In the United States, the people who most enthusiastically advocate social engineering call themselves Liberals (or Progressives). These people apparently see government as the ideal tool for achieving the most perfect conditions possible. Because of their Utopian attitude towards government, another pastor I listen to in the morning, J. Vernon McGee once defined Liberalism this way.
If you want to know what Liberal is — Liberalism is in a nutshell — here it is, to try to make a Utopia on this earth today. And they believe they can do it.

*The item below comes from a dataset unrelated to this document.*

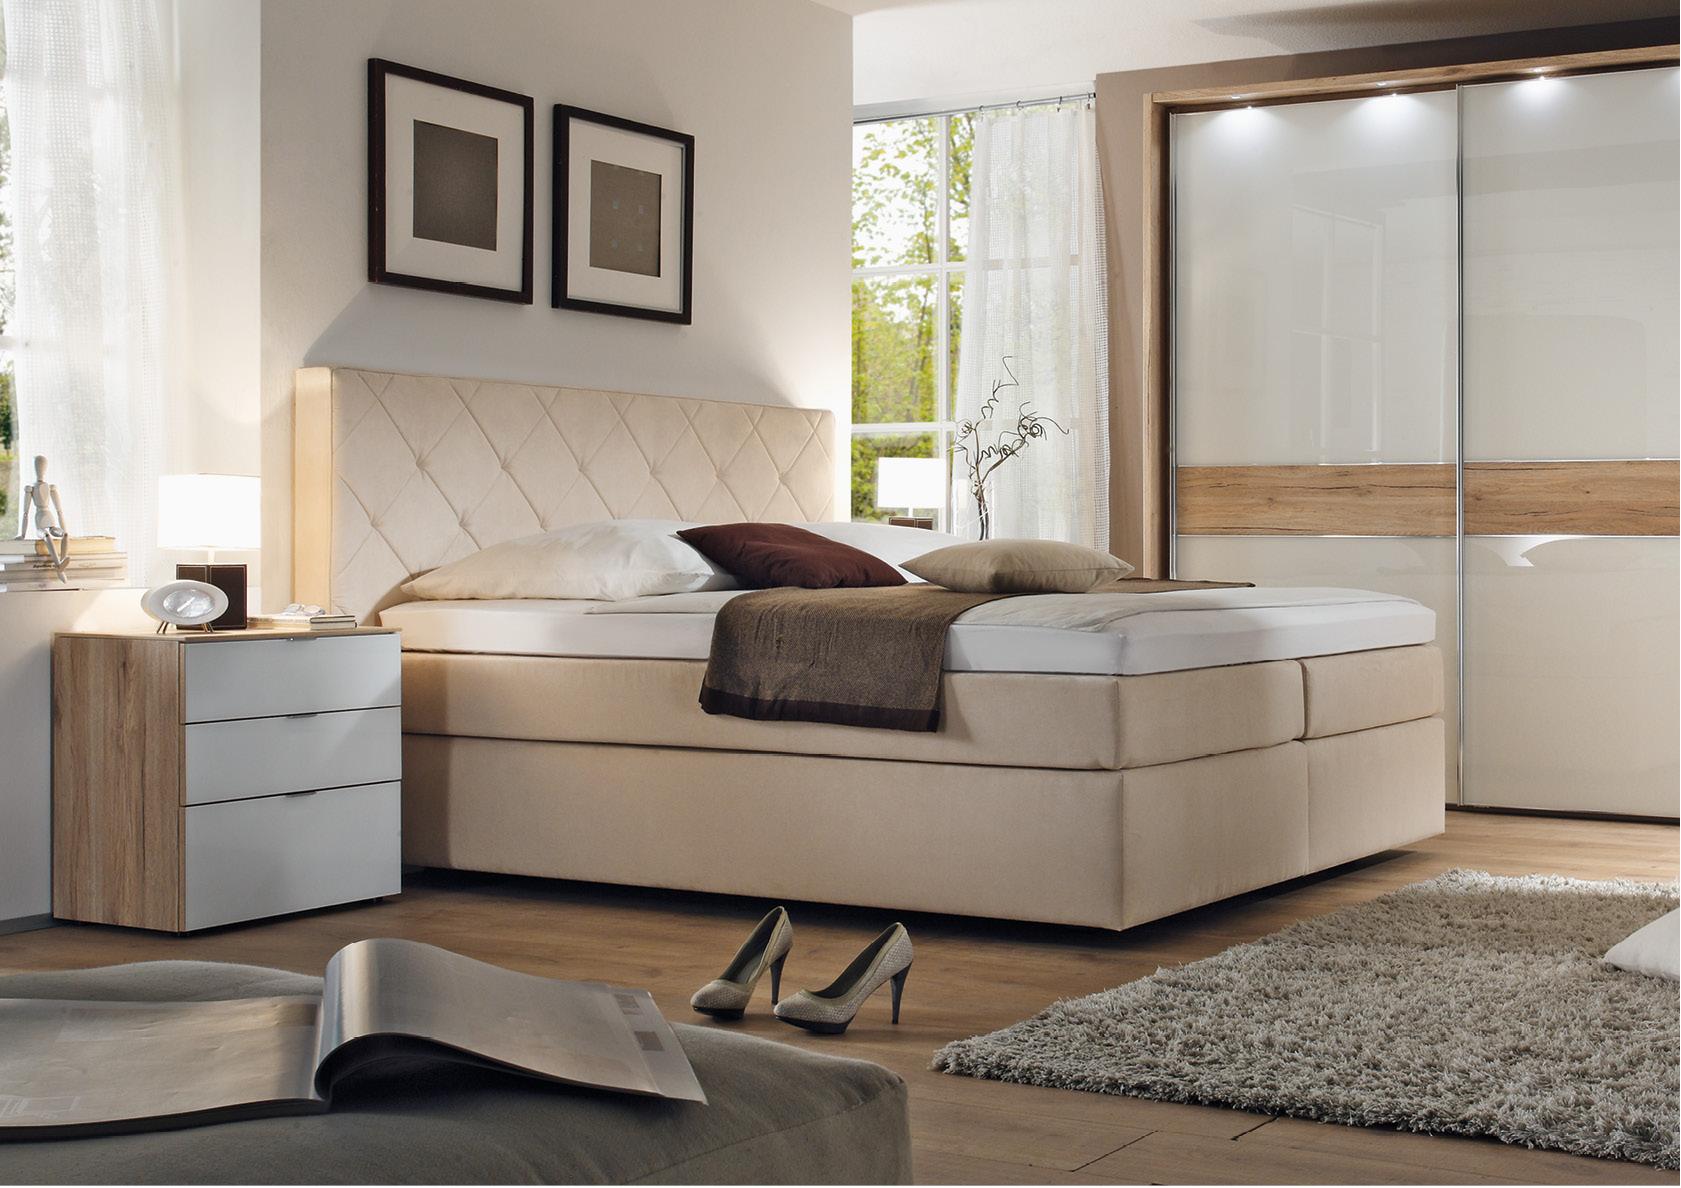 schlafen m bel bohn gmbh in hilchenbach m sen. Black Bedroom Furniture Sets. Home Design Ideas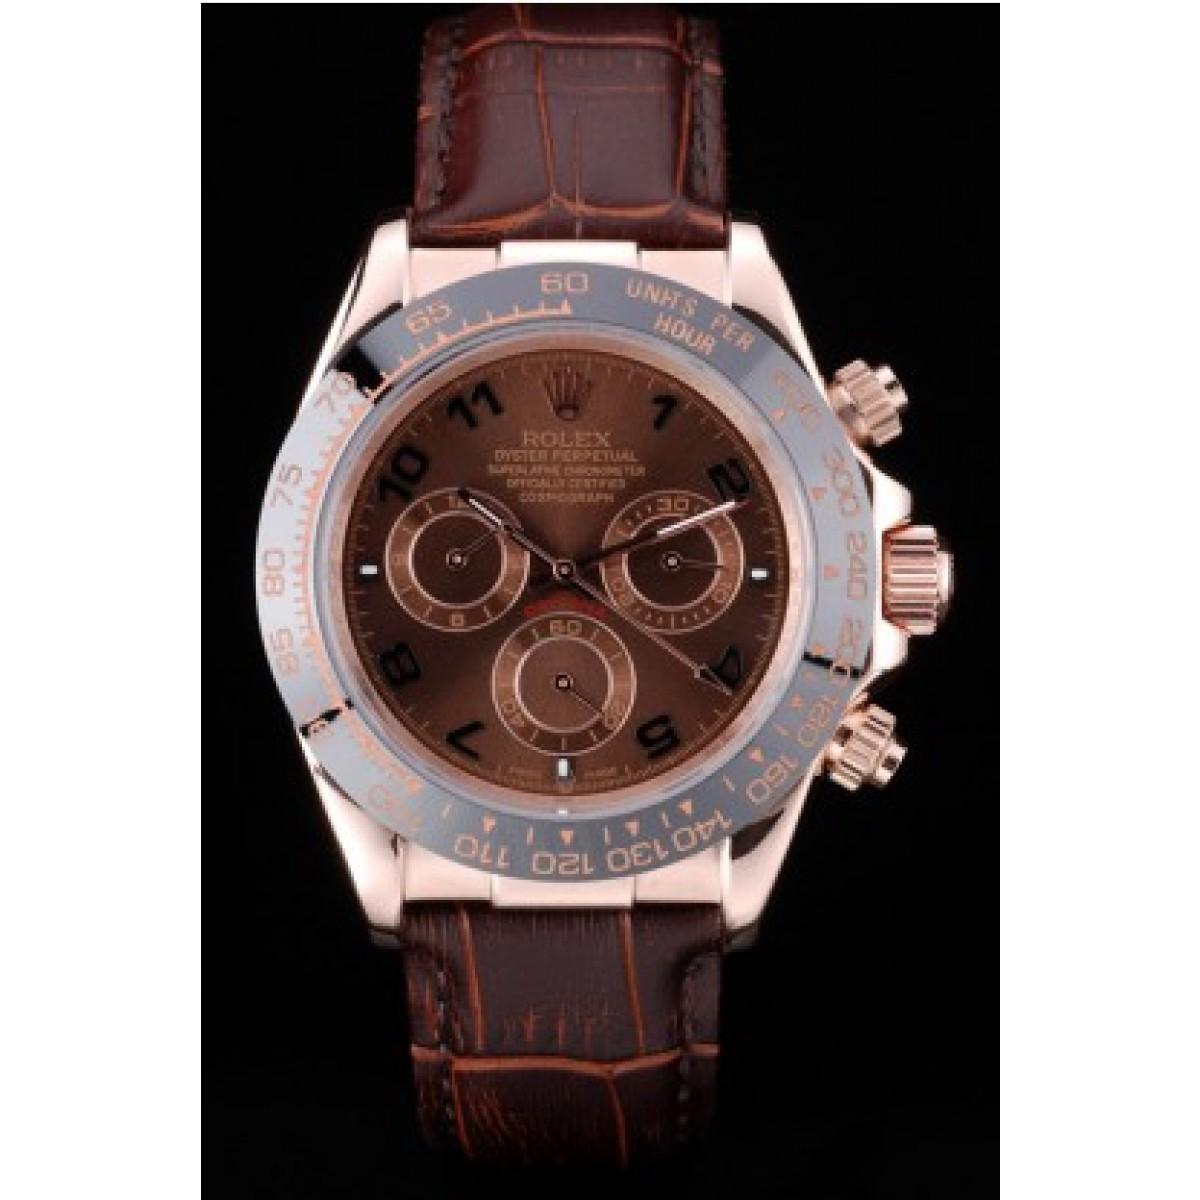 ab0198fcb64 Réplica Relógio Rolex Daytona Chocolate ...

They believe that human nature is such that it is like a flower bed — that if you just give it a chance, improve conditions of man and get rid of the poverty — and give him everything he needed — that man will just flower out. (heard on the November 4, 2009 broadcast).
McGee subsequently pointed out that such schemes have been tried before. Man’s environment, it seems, is not the problem. Our problem comes from defects inherent in human nature. The problem is what is in our hearts. The problem is religious in nature, not political.
We are a lost people. We cannot find our way by placing our trust in the powers and schemes of other lost souls. There is no government solution which will allow us back into Paradise. We each need to find our own way back to God. We each need to place our trust in Him and ask Him to be our guide. To find our way, we each need to learn to obey God and to love each other.
2 Chronicles 33:6 (Today’s New International Version)
6 He sacrificed his children in the fire in the Valley of Ben Hinnom, practiced divination and witchcraft, sought omens, and consulted mediums and spiritists. He did much evil in the eyes of the LORD, arousing his anger.